The Self-Consistent Atention-based Neural Network (SCANN) is an implementation of deep attention mechanism for materials science.

Figure 1 shows the overall schematic of the model

Model architecture

Figure 1. Schematic of SCANN.

Installation

Firstly, create a conda environment to install the package, for example:

conda create -n test python==3.9
source activate test

Optional GPU dependencies

For hardwares that have CUDA support, the tensorflow version with gpu options should be installed. Please follow the installation from https://www.tensorflow.org/install for more details.
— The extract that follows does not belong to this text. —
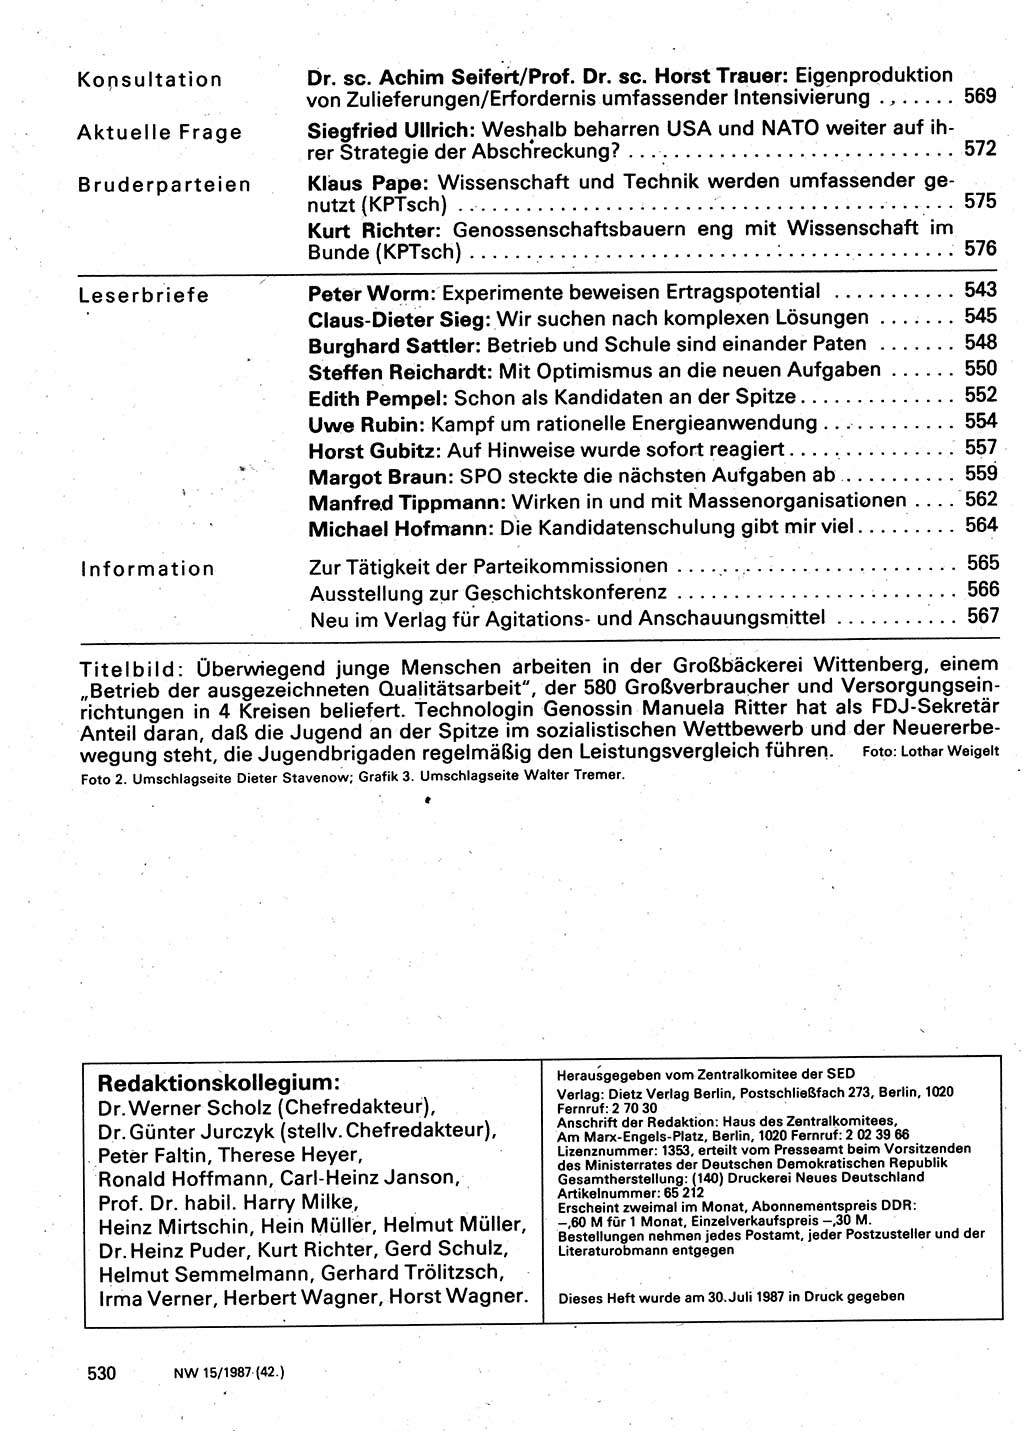 Neuer Weg (NW), Organ des Zentralkomitees (ZK) der SED (Sozialistische Einheitspartei Deutschlands) für Fragen des Parteilebens, 42. Jahrgang [Deutsche Demokratische Republik (DDR)] 1987, Seite 530 (NW ZK SED DDR 1987, S. 530)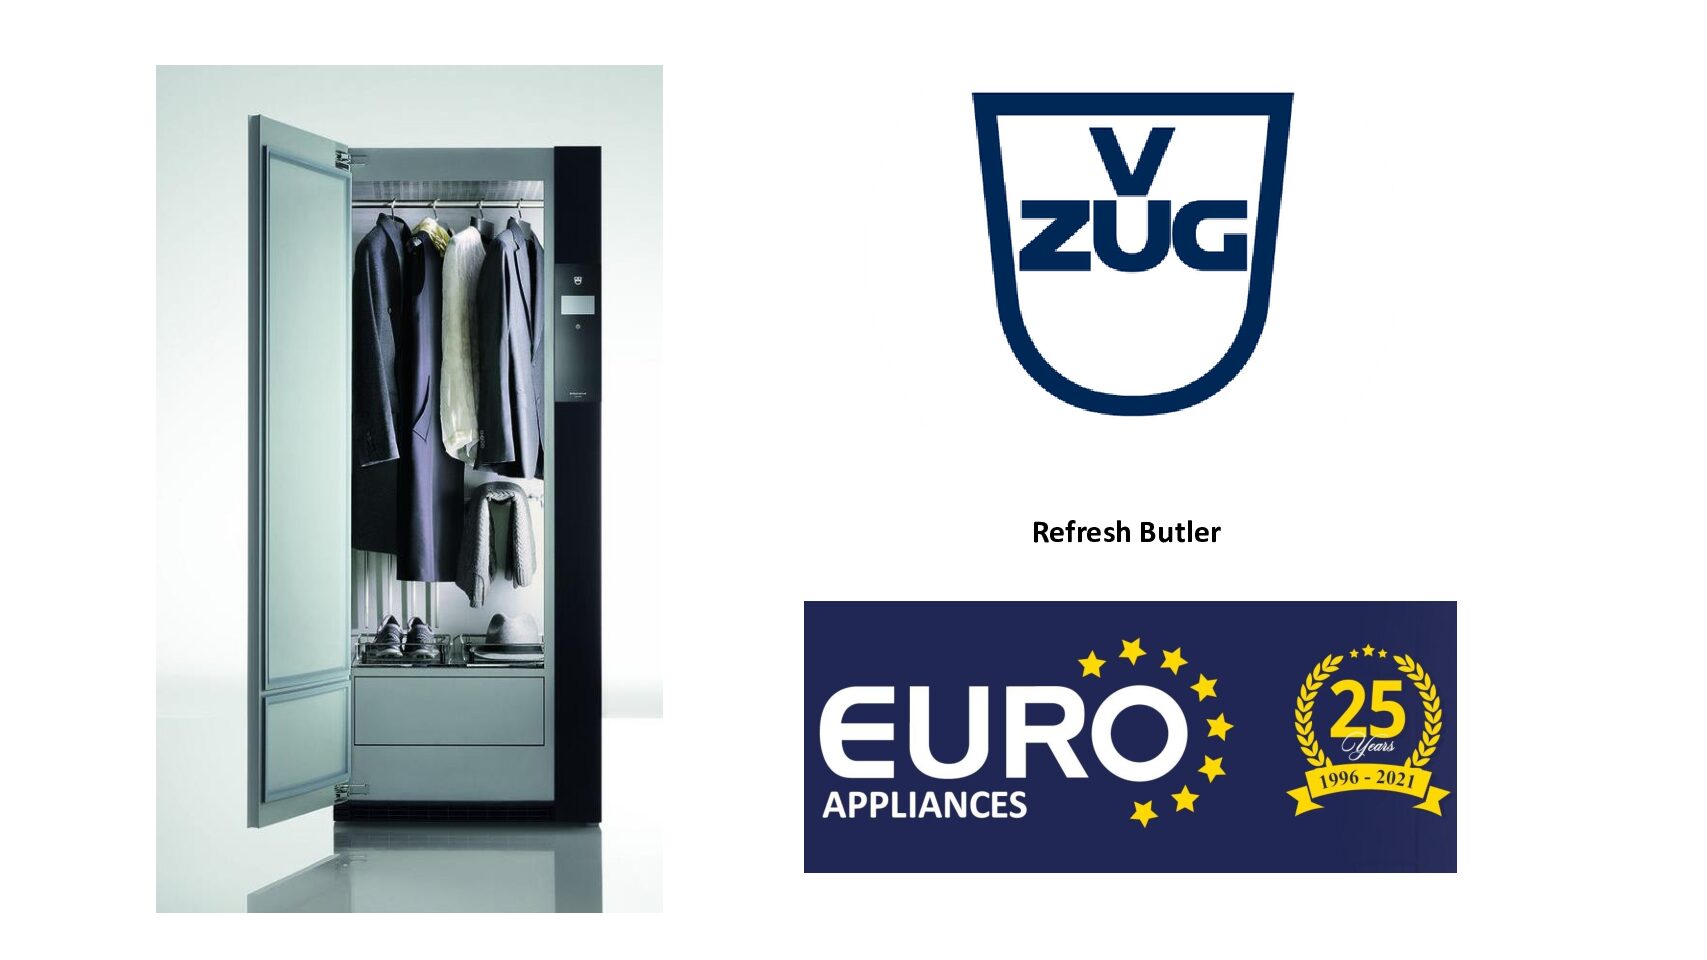 Euro Appliances-V-ZUG

Tensorflow can also be installed from conda for simplification settings:

conda install -c conda-forge tensorflow-gpu

Method 1 (directly install from git)

You can install the lastes development version of SCANN from this repo and install using:

git clone https://github.com/sinhvt3421/scann-material
cd scann-material
python -m pip install -e .

Method 2 (using pypi)

SCANN can be installed via pip for the latest stable version:

pip install scann-model

Usage

Our current implementation supports a variety of use cases for users with different requirements and experience with deep learning. Please also visit the notebooks directory for Jupyter notebooks with more detailed code examples.

Below is an example of predicting the "HOMO" and corresponding global attention score:

from scann.utils import load_file, prepare_input_pmt
from scann.models import SCANN
import yaml

#load config and pretrained model from folders

config = yaml.safe_load(open('trained_model/homo/config.yaml'))
scann = SCANN(config, pretrained='trained_model/homo/model_homo.h5', mode='infer')

#load file for structure using pymatgen Structure 

struct = load_file('abc.xyz') # pymatgen.core.Structure 
inputs = prepare_input_pmt(struct, d_t=4.0, w_t=0.4, angle=False)  # Distance, weights threshold

# Predict the target property with the ga score for interpretation
pre_target, ga_score = scann.model.predict(inputs)

Using pre-built models

In our work, we have already built models for the QM9 [1] and Material Project 2018 [2] datasets . The model is provided as serialized HDF5+yaml files.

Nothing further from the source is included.